Bato na porta do quarto de June e a escuto respirar fundo antes de abri-la. Estava apenas com um shorts de algum pijama largo e um top de academia preto, eu já a tinha visto nua, sem camiseta, sem calça, mas aquele abdômen ainda me faz engolir a seco e ter de o encarar um pouco. Brown se senta em sua cama e fecho a porta atrás de nós.
- Ei... - sorrio, nervosa. Minha voz transbordava mais que isso também, transbordava medo, vergonha e tristeza. Talvez aquela raiva interna tenha sumido agora.
- Ei... - ela repete, me encarando com aqueles malditos olhos - Então... Oque queria conversar comigo?
- June... - sento ao seu lado e respiro fundo para ir direto ao ponto - O meu pulmão piorou muito... Não sou mais a mesma, você percebeu isso no acampamento e não posso negar que eu também. Ele está muito fraco. Tratamento nenhum adiantará mais, com certeza.
- Como você sabe que não?
- June... - suspiro e seguro sua mão.
- É sério. Você sempre vem com esse papo de que não tem cura... Claro que tem! Você mesma falou! Parece que você quer... Sabe...? Se suicidar aos pouquinhos, se maltratando bem devagar!

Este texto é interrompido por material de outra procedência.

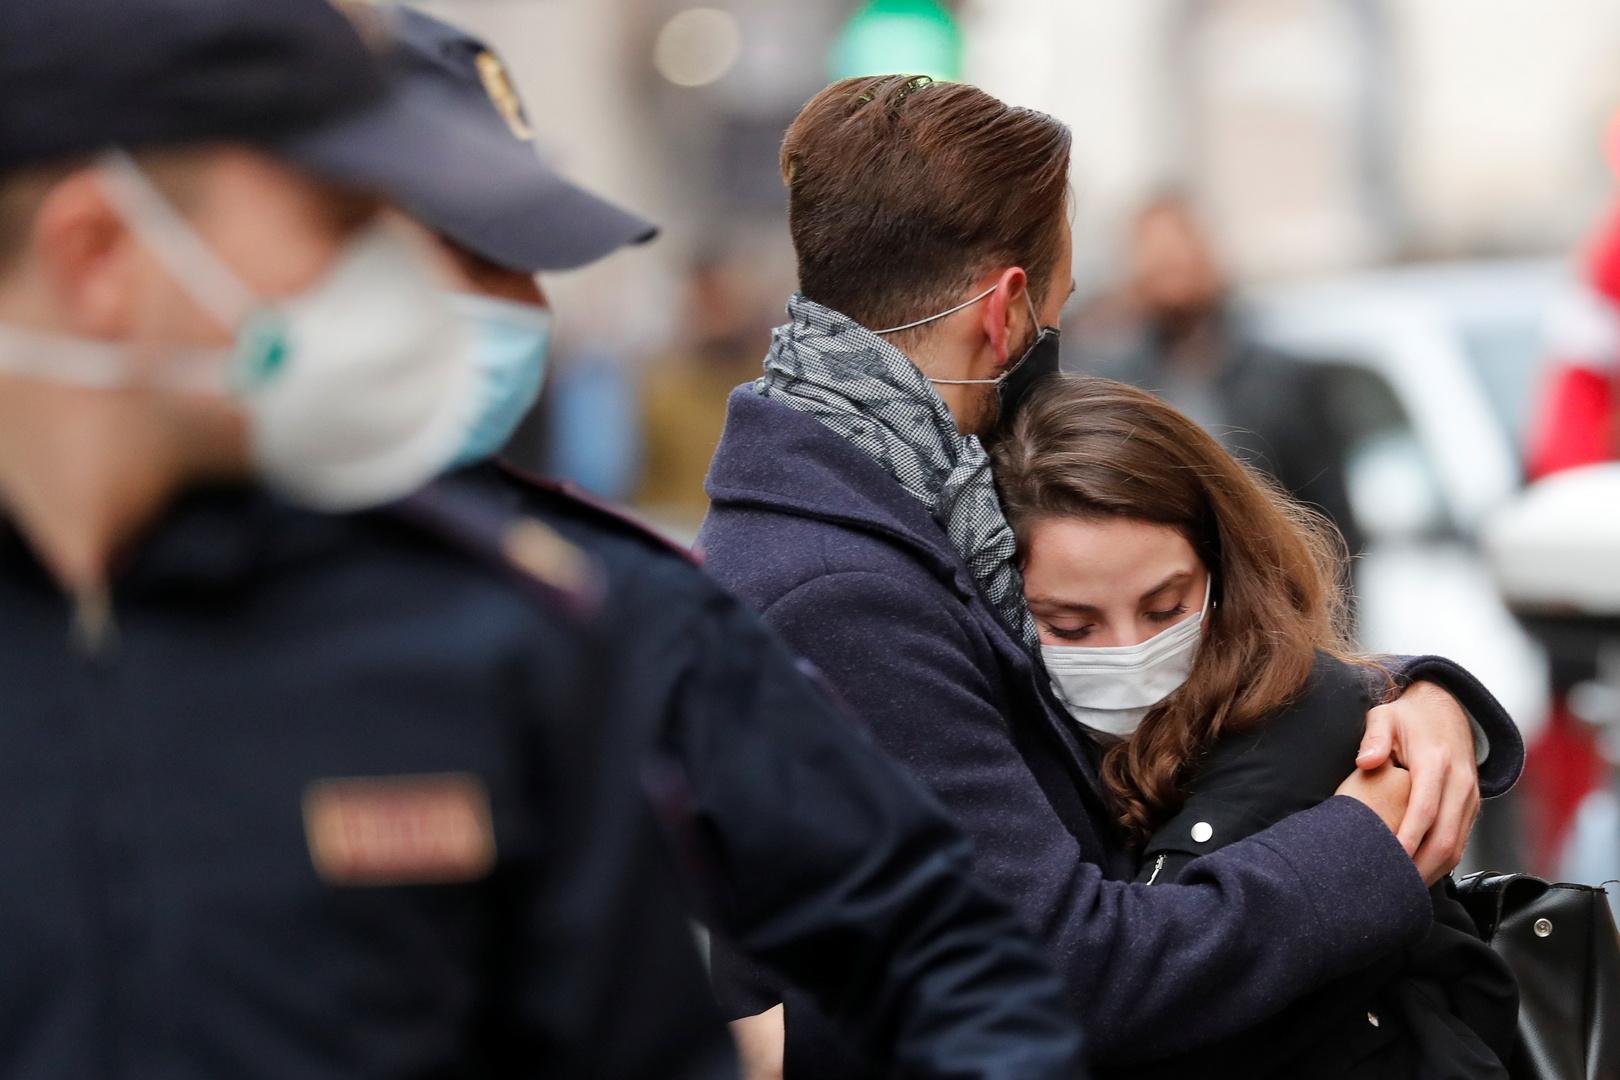 عالم فيروسات إيطالي: وجود اللقاحات المضادة لكورونا لا يعني التخلي عن الكمامات خلال العام المقبل

- Não tem. Eu mal consigo ficar em pé sem este trambolho. - aponto para a máquina e nos calamos, o seu som contínuo do fluxo do ar nos envolta - Entende a gravidade disso?

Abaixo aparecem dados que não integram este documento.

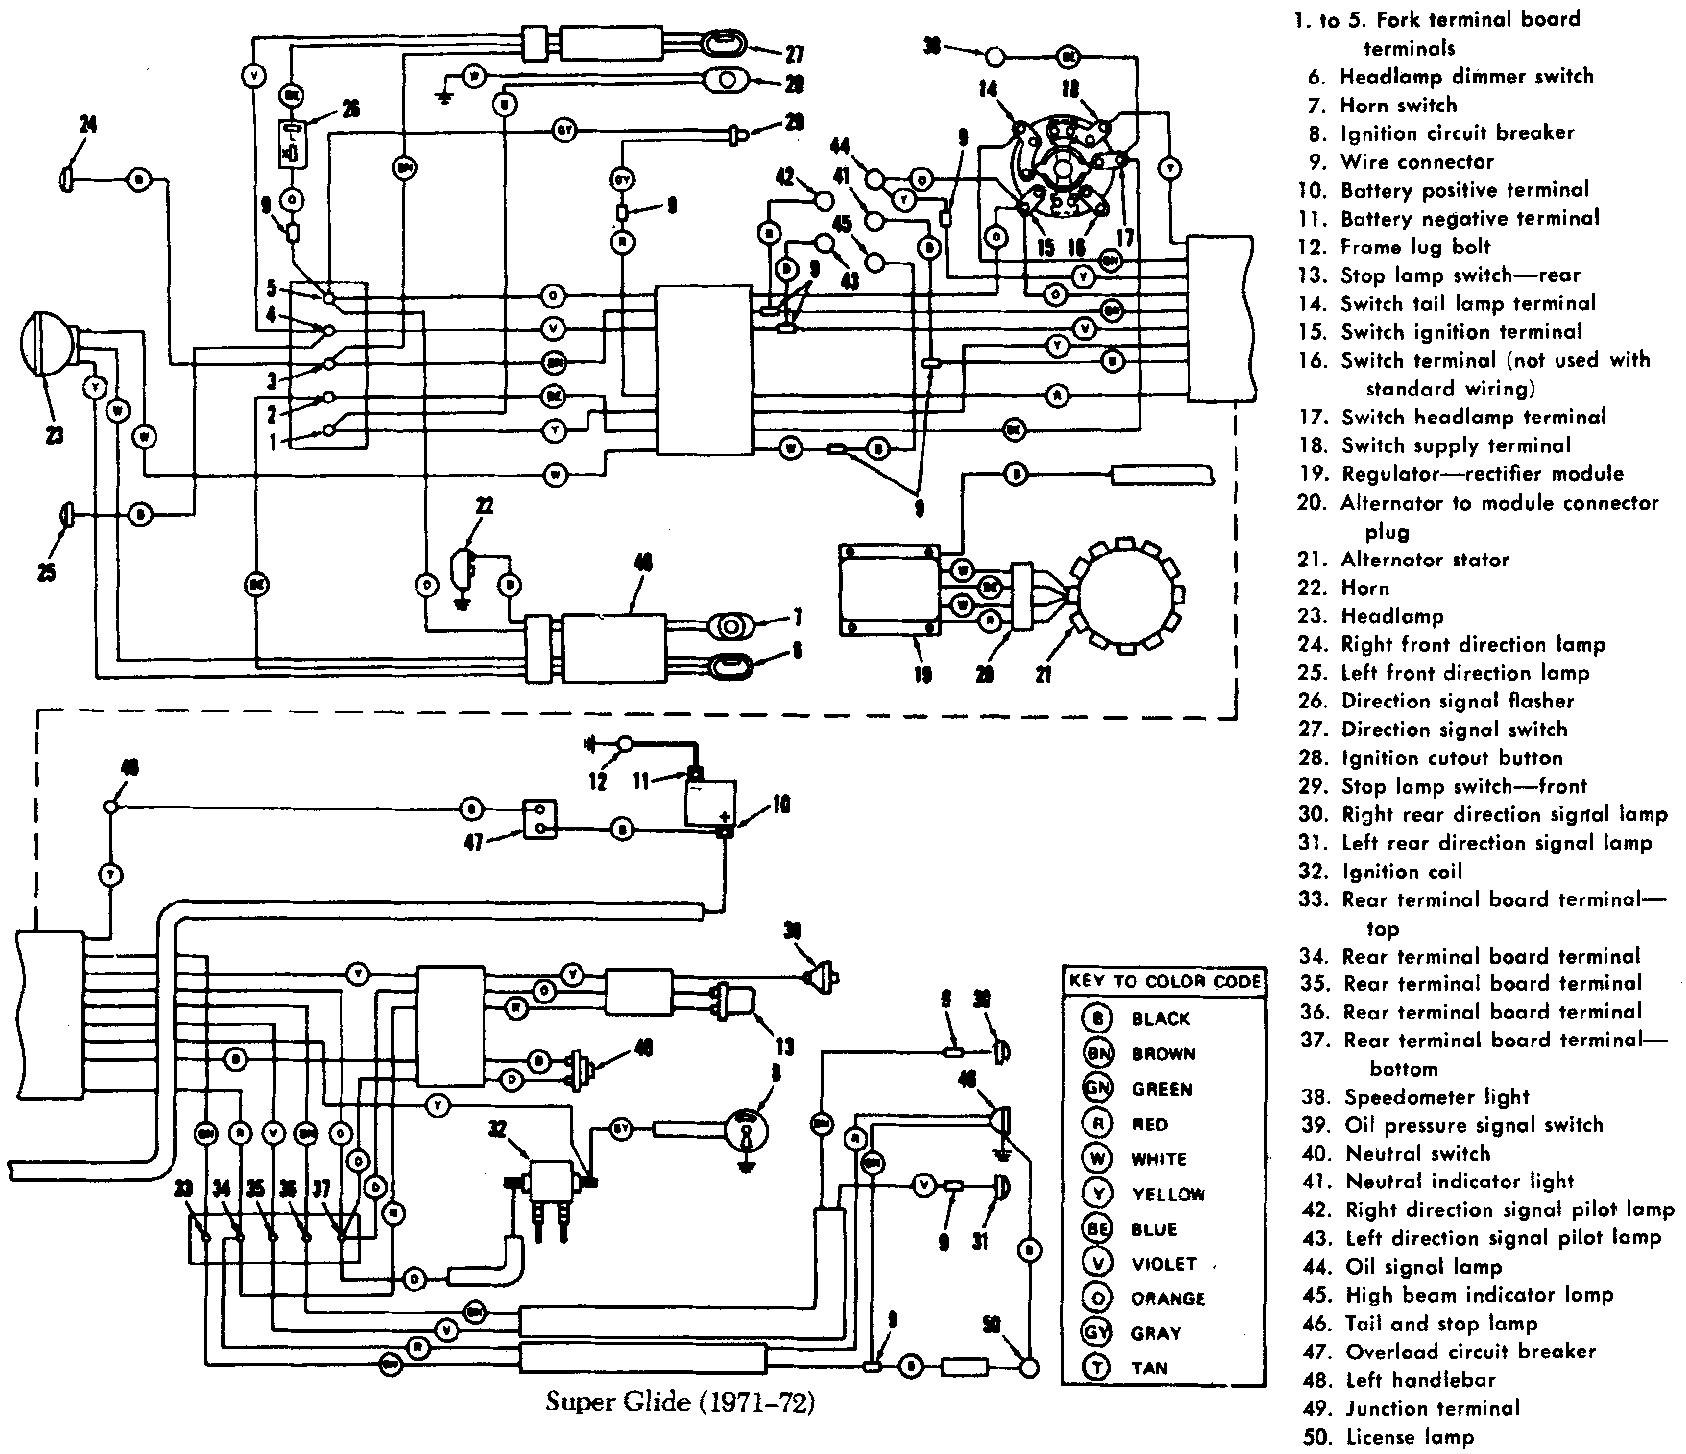 Ideas Wiring Diagram Harley Davidson Big Twin Wiring Diagrams For Harley 1974 Harley

- Claro que entendo. Mas Damian teve câncer no pulmão e se recuperou totalmente... Você também vai! É só questão de tempo!
- June, por favor... - ela me corta.
- Você é sempre muito otimista, mas quando se trata da sua doença você vira outra pessoa... Não pode pensar assim. Em menos de um ano você vai estar saudável...

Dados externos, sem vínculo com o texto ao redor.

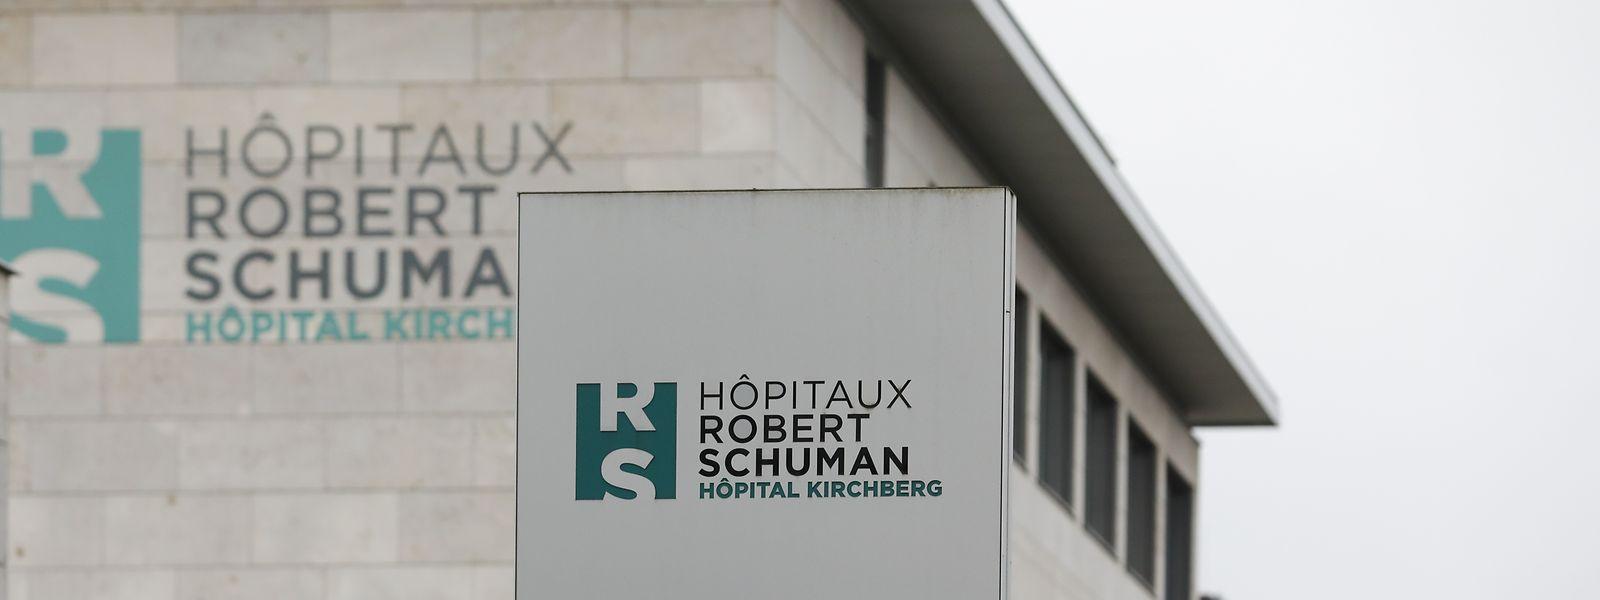 Après la polémique autour d'une possible stratégie vaccinale privée, les HRS ont décidé de se séparer de leur directeur général.

- Me escuta. - resmungo um pouco mais alto - June, eu realmente não consigo ficar em pé sem isso. Isso é meu pulmão. Sem ele eu estou morta, e basta uma falta de tubo de oxigênio e acabou para mim.
- A gente se previne, você pode levar um segundo tubo, não sei... Mas por favor, Milley...
- June, talvez fosse melhor se você arranjasse alguém mais saudável. - ela me encara e revejo a garota que me pediu em namoro pela primeira vez. Aquele rosto incrivelmente raivoso me encarando na alma - Não me olha assim...
- Não. Eu te amo. E amo só você... Não quero mais ninguém, entende? Você, Milly, sua imagem nunca vai ser um motivo de sofrimento, por quê você é o meu motivo de felicidade, entende? Não quero te ligar a nada, absolutamente nada de ruim. E se eu arranjar uma garota, abre aspas, melhor, fecha aspas, você ficaria em segundo plano, e eu não quero isso. Quero você em primeiro plano, na minha frente.
- Mas se eu morrer nesse exato momento, eu espero que não fique feliz, no mínimo. - ela concorda.
- Com certeza não. Eu choraria, teria ataques de raiva, quem sabe recair nas drogas e... Você sabe oque... - a mesma balança o antebraço, inquieta sobre conversar das suas cicatrizes - Mas nunca me suicidaria, se é o que deseja.
- Queria que vivesse uma vida normal, como se nunca tivesse me visto. - ela me encara e vejo sua raiva variar entre muita e nenhuma.
- Impossível. - ela sussura - Você é muito importante para que eu deixe isso de lado em menos de, no mínimo, alguns anos.
- Eu prefiro que a gente comece a se afastar. Não digo que quero dar um fim no nosso relacionamento, claro. Mas de forma que você se desapegue mais...
- Basicamente quer que eu te ame menos? - Discordo mas a encaro.
- Talvez...
- Acha que sou muito grudenta?
- Não. Mas isso faz mal a você. E é oque eu menos quero...
- Oque realmente me faz mal é ficar longe de você, e eu não entendo por quê exatamente fazer isso. - nossos olhos se encontram e sinto um frio na barriga. Como você pode amar alguém que já está morta? Basicamente, morta - Se você quer começar a ficar com outras pessoas, tudo bem, só não me esqueça.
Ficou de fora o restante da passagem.